Array libraries were sequenced on an Illumina MiSeq, set to yield 250 by 50 paired end reads; the 250 base read 1 sequences were used in this study. After sequencing, samples were de-multiplexed by index, and the sequence corresponding to a new (expanded) spacer was extracted from each read. New spacers were aligned to reference sequences (bacterial chromosome and appropriate plasmids) using Bowtie (58) to identify the protospacer sequence. Protospacer sequences were then characterized with respect to length, PAM, and position on the genome or plasmid. To detect PAMs, unique protospacer adjacent upstream and downstream sequences were extracted using bedtools (59) and a consensus sequence logo was made using weblogo (60).

RNA-seq assay

To evaluate RNA expression patterns, RNA sequencing was done on cultures grown to either exponential or stationary phase. Briefly, cultures were pelleted and decanted, then frozen at -80°C. Pellets were thawed and resuspended directly in lysis buffer, and RNA was isolated using the PowerBiofilm RNA Isolation kit (Qiagen). Stranded, total RNA libraries (without rRNA or tRNA depletion) were prepared using the Illumina TruSeq kit and were sequenced on an Illumina NextSeq instrument, generating paired 2 by 150 bp reads. Reads were demultiplexed by index, adapter trimmed and aligned to the appropriate reference sequences (bacterial chromosome, plasmid) by bowtie2 (61).

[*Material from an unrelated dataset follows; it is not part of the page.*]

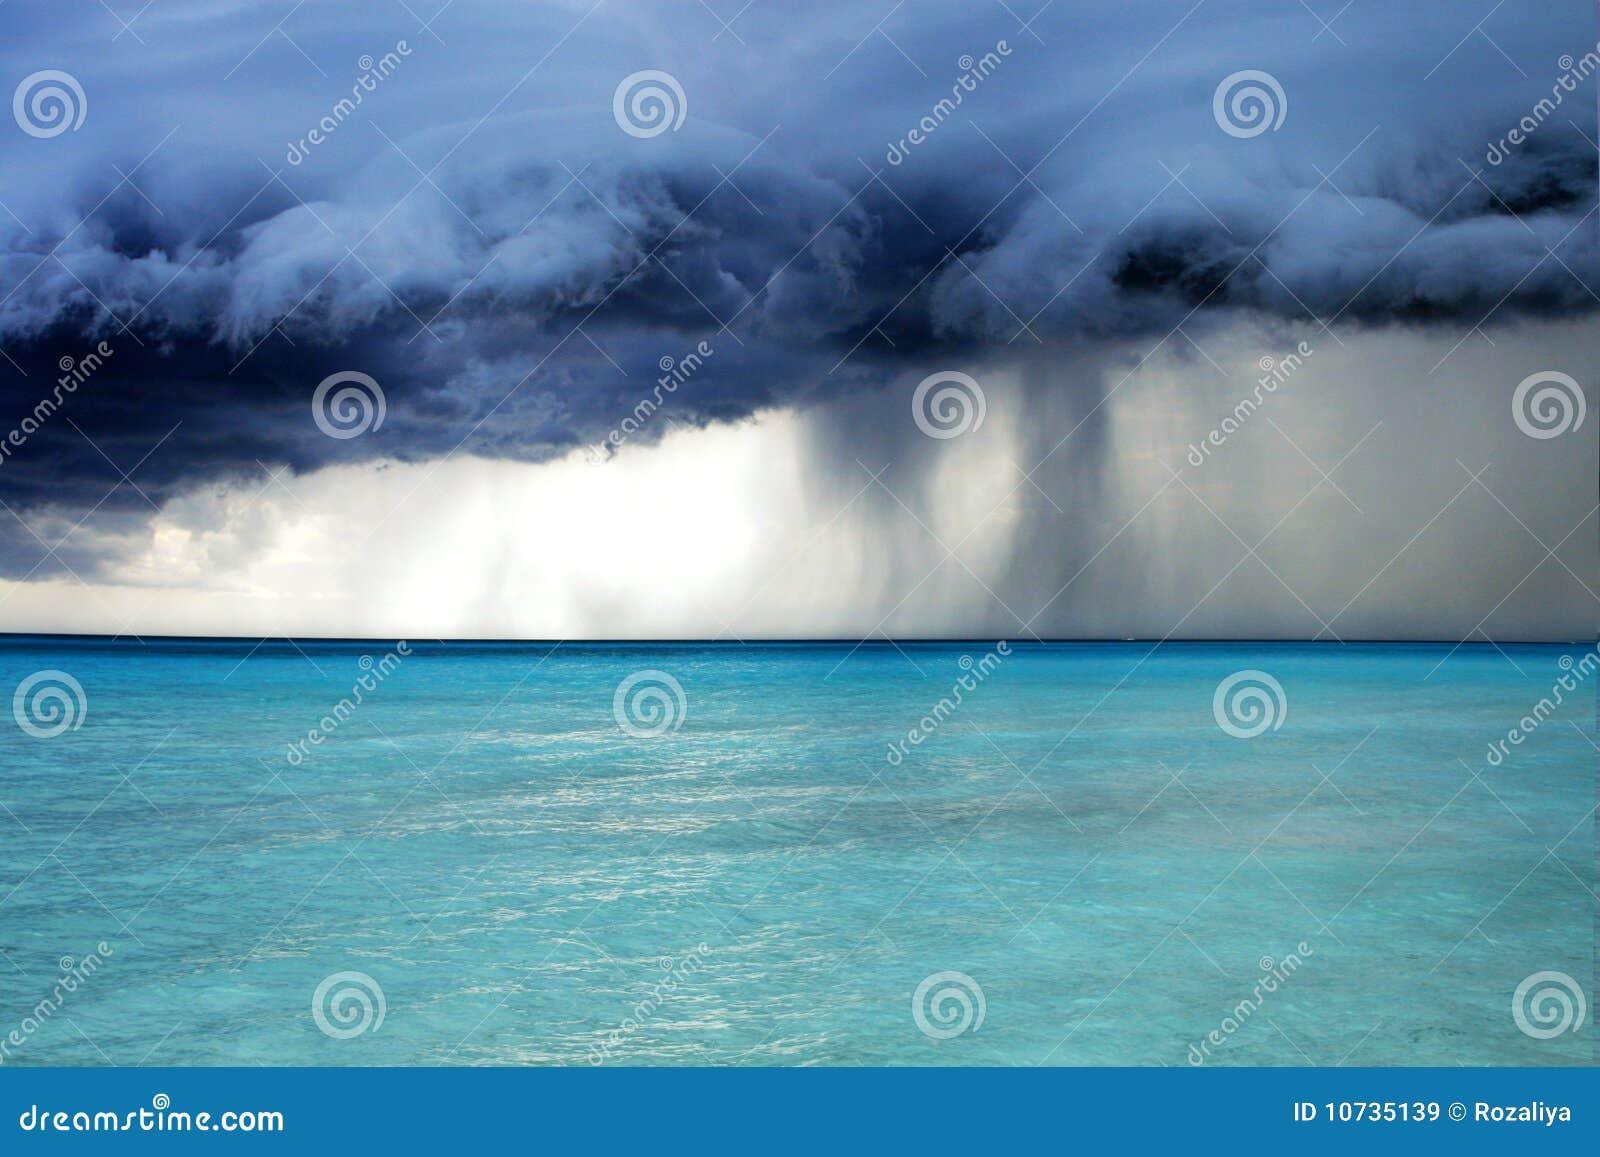 Stormachtig weer met regen op het strand

RNA-seq read and protospacer density analysis

For both the adaptation and RNAseq assays, alignment outputs were processed (59,62) and custom genome browser tracks were generated using tools available from the University of California Santa Cruz Genome Browser (https://genome.ucsc.edu). Tracks for both ‘total’ and ‘unique’ protospacer density were created; for the total tracks, all reads supporting a particular protospacer are counted. For unique tracks, all reads corresponding to a given protospacer that is unique with respect to alignment coordinates and strand were collapsed to a single count. We noted that the distribution of protospacers across the genome was not even, so regions with significant protospacer enrichment were identified using the findPeaks software in the HOMER analysis package (63). For spacers that aligned within the boundaries of annotated protein-coding genes, we determined the percent that matched the coding versus template strand of those annotated genes using a custom python script.

To determine whether spacer uptake was influenced by RNA expression, we divided the genome into 3860 windows, each 500 bp long, and then determined the cumulative RNAseq read coverage for those windows by combining data from exponential and stationary phase cultures, three replicates each. From the cumulative RNAseq coverage, we classified each 500 bp window as either ‘unexpressed’ with zero RNAseq reads, ‘expressed’ with approximately 16 or more aligned RNA fragments (forward and reverse paired reads with intervening space) or ‘marginally expressed’ which had between 0 and 16 aligned RNA fragments. Marginally expressed windows were not considered further for this analysis. We then examined the spacer density (total and strand-specific) for these genome windows by determining the cumulative protospacer coverage for both WT and Δcsm1-6 strains (protospacers from 24 and 18 replicates, respectively, were pooled for this analysis).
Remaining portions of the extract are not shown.